Thursday, November 2, 2006
By Dee Grenert
Staff Writer
CULVER - The proverbial immovable object meets
irresistible force Friday when Culver Military Academy's football team
visits New Prairie.
The immovable object - the Eagles' rush defense - surrenders a paltry 90
yards per contest.
The irresistible force - the Cougars' triple option offense - averages
more than 350 yards on the ground each game.
“Something's gonna give,” CMA head football coach Andy Dorrel said.
And with the Class 3A Sectional 19 title on the line, Dorrel hopes his
team's defense maintains its rock-solid core against Class 3A No. 5 New
Prairie and quarterback Zach Blackwood.
“(New Prairie) has probably the finest option
attack I've seen in my years of coaching,” the Eagles' ninth-year
skipper noted. “Their quarterback, Zach Blackwood, is their leading
rusher and does a tremendous job directing that offense.”
Blackwood, who takes snaps out of a deep crouch, effectively hides the
ball and leaves defenders guessing the pigskin's whereabouts. Add several
capable backs and a sizable offensive front, and the Cougars boast ample
big-play potential.
Dorrel puts minimizing big plays at the top of the Eagles' agenda.
“The key is to limit their big plays,” Dorrel commented. “We have to
limit their gains over 15 yards. If we can force them to have to move the
ball down the field through long drives, I like our chances. Our defense
has to get the correct read time and time again. I have a lot of
confidence that our defense can do that.
“We're going to have to get a few scores of our own because they're
going to score,” Dorrel added. “We're going to need to put up three or
four of our own big scores.”
CMA (9-2) notched a pair of big fourth-quarter
scores in a nail biting 21-13 come-from-behind win over defending state
champion NorthWood last Friday.
The Eagles fashioned a 14-play scoring drive - capped off by the first of
wingback Neven Fingerhut's two fourth-frame touchdowns.
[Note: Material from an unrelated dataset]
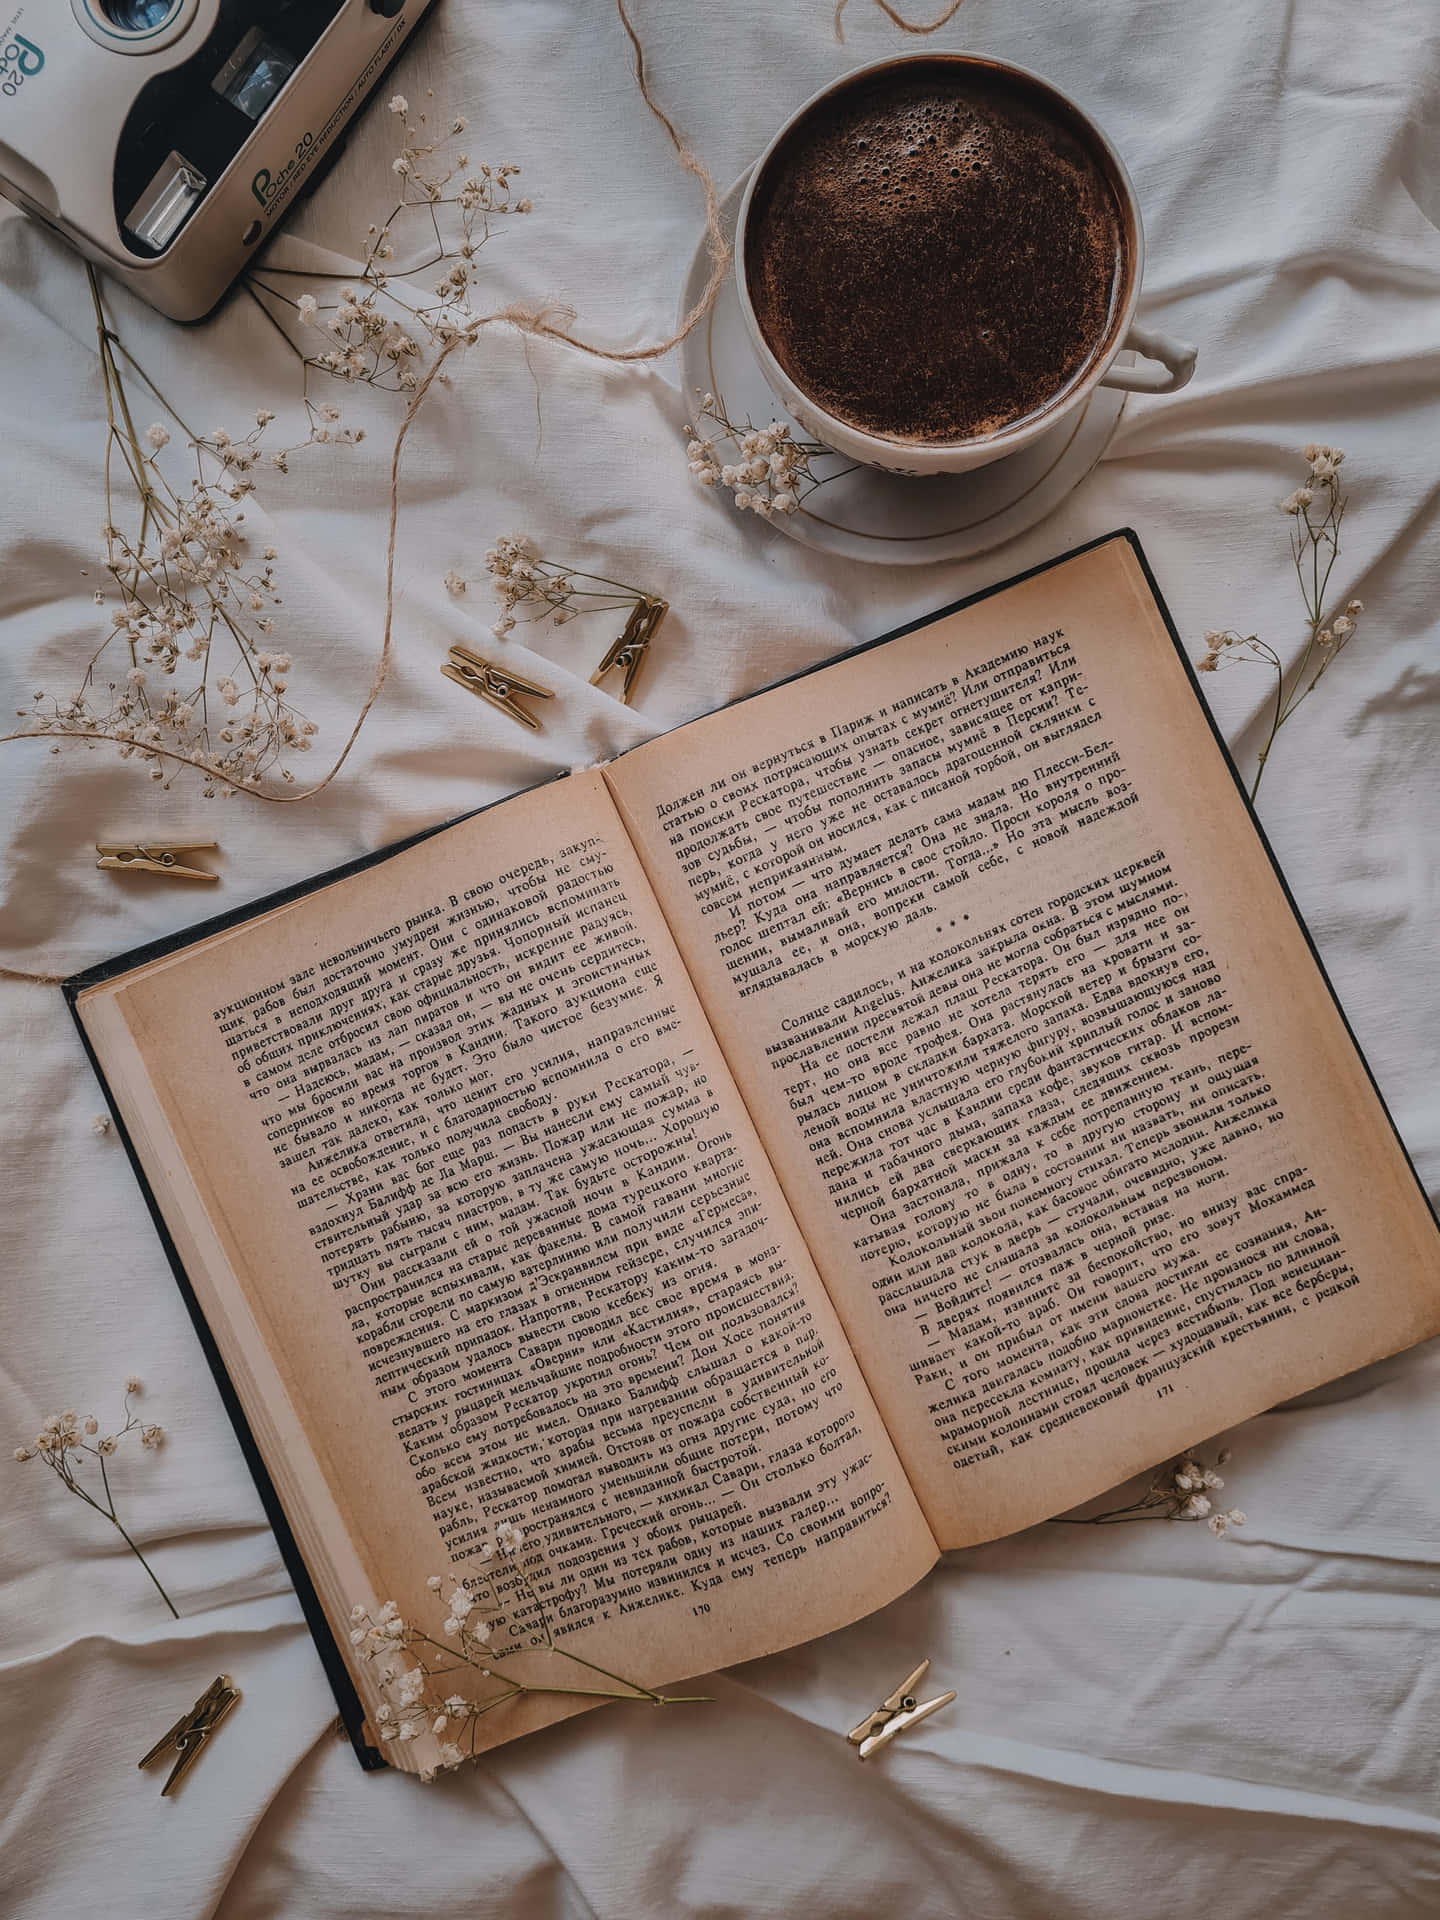 A Book With Coffee And Flowers On A Bed

Kicker Kyler Scott
then recovered his own on-side kick to set up Fingerhut's 50-yard scoring
jaunt on the next play.
Barrick Bollman also intercepted a deflected pass to terminate the
Panthers' last possession.
“It was certainly rewarding to beat the team that had beat us three
years in a row in the sectional,” Dorrel said. “That was a real gutty
performance. We talk all the time about finishing. We finished with a lot
of determination and character.”
The Eagles, coming off that monumental victory, enter the sectional
championship game with what Dorrel termed “an arrogance of intent.”
“I don't want that to sound wrong, but what we mean by arrogance of
intent is that we know the way we want to play, and what we want to do and
that's what we're going to do,” Dorrel explained. “We have to be
physical. We have to execute. We have to control the clock. It's not that
we're cocky. It's, ‘here's our job and we'll try to do that job.'”
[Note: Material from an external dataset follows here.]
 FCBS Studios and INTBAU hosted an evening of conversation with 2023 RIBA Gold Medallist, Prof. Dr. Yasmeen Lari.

CMA, hunting its first sectional crown since 2000, stands a single victory
from surviving a brutal field. Six of the sectional's eight teams finished
the regular season with at least seven wins, and another, defending state
champion NorthWood, entered 5-4.
“It's been obvious that our kids want to keep playing football,”
Dorrel concluded. “To win a sectional would be a great testament to the
character and determination of this team. We beat a 7-2 Lakeland team,
beat the defending state champs and now face 10-1 New Prairie. To win
would be a great statement of our team's character and determination.”